For the survey, the NSBA teamed up with Grunwald Associates to poll 1,277 9- to 17-year-olds, 1,039 parents, and 250 school district leaders who "make decisions on Internet policy." It found that a full 50 percent of students who are online spend time discussing schoolwork, and 59 percent spend time talking about education-related topics, "including college or college planning; learning outside of school; news; careers or jobs; politics, ideas, religion, or morals; and schoolwork."
Further, these students are spending almost as much time on the Internet visiting websites and social networking services (nine hours per week for teens) as they spend watching television (10 hours).
A full 96 percent of students surveyed responded that they use the Internet for social networking purposes, including Facebook, MySpace, Webkins, and Nick.com chat. Seventy-one percent said they use these services at least on a weekly basis.

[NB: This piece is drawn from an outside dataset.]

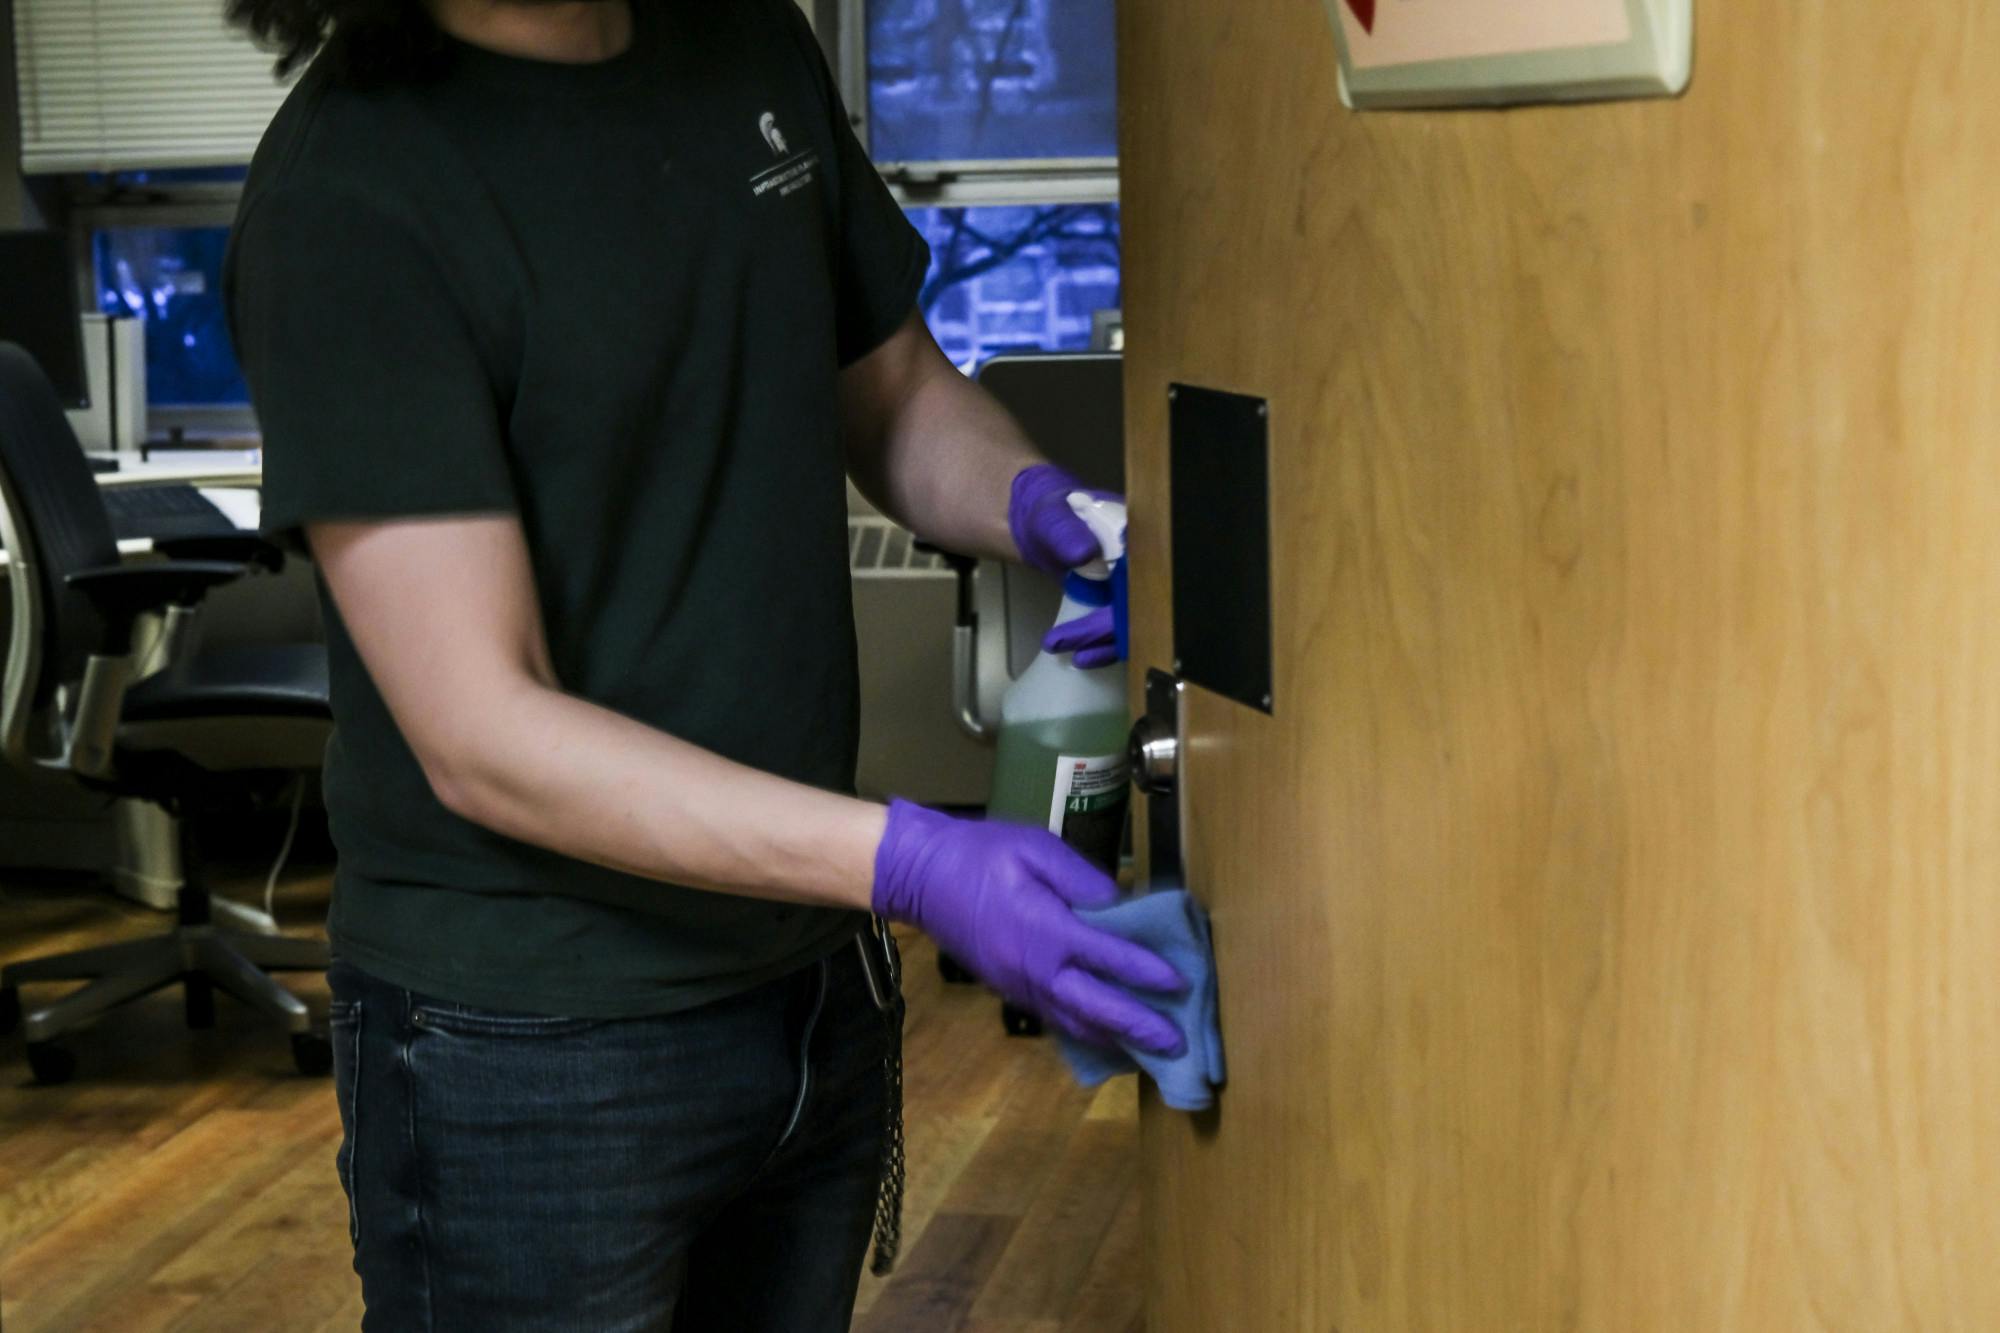 A person wearing purple medical gloves uses a rag to wipe down a doorhandle while holding a cleaning spray. The person's face is not visible.
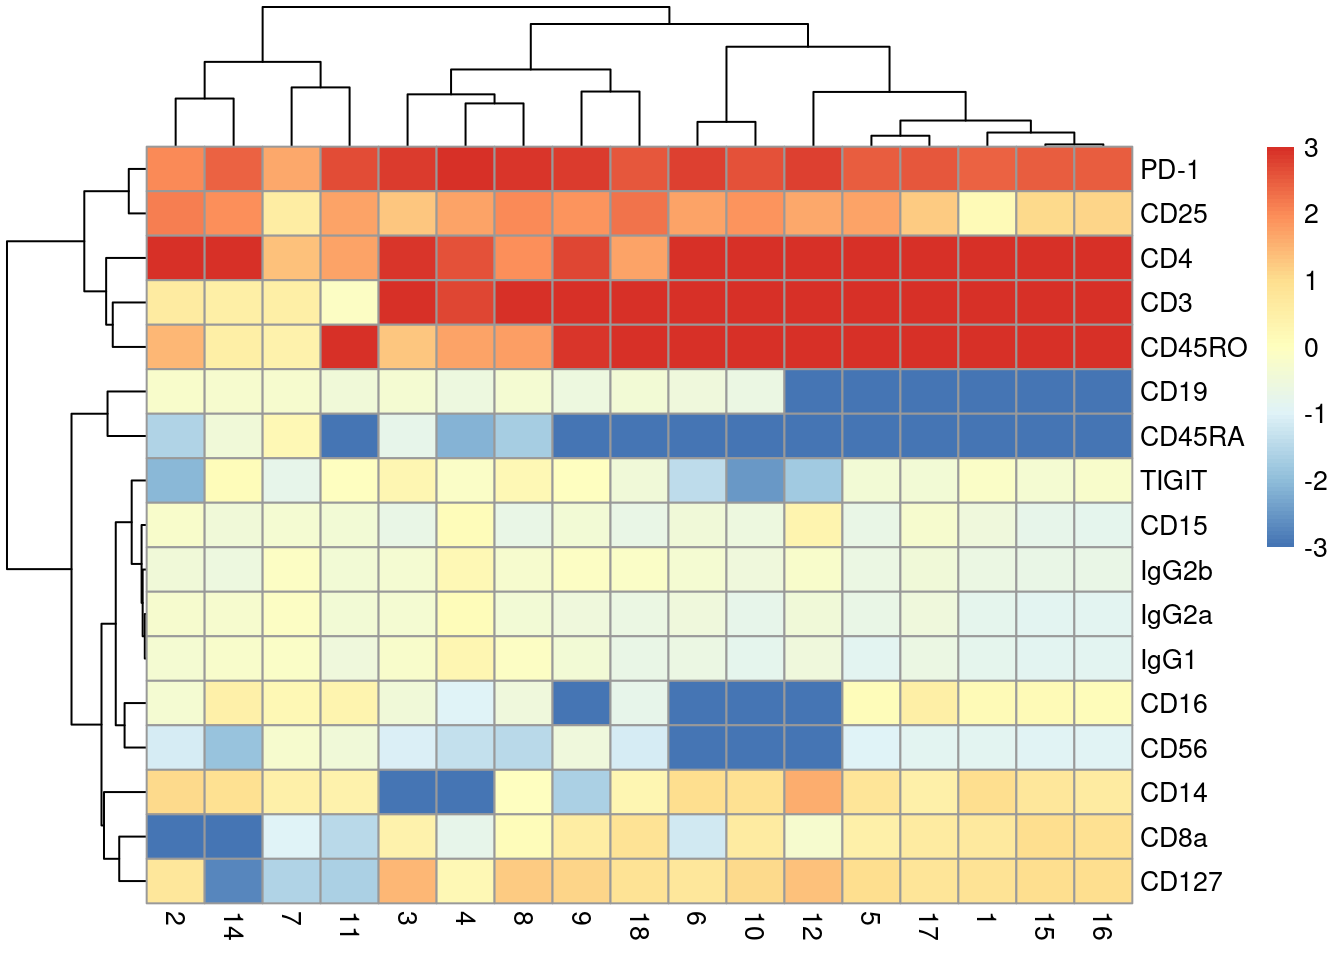 Heatmap of log-fold changes in tag abundances in cluster 13 compared to all other clusters identified from transcript data in the PBMC data set.

"Yet," the study asserts, "the vast majority of school districts have stringent rules against nearly all forms of social networking during the school day--even though students and parents report few problem behaviors online. Indeed, both district leaders and parents believe that social networking could play a positive role in students' lives and they recognize opportunities for using it in education--at a time when teachers now routinely assign homework that requires Internet use to complete. In light of the study findings, school districts may want to consider reexamining their policies and practices and explore ways in which they could use social networking for educational purposes."
Beyond communications and networking, students are also engaging the Internet for creative purposes, from uploading podcasts to blogging to updating personal websites to writing articles that they submit to sites at least weekly.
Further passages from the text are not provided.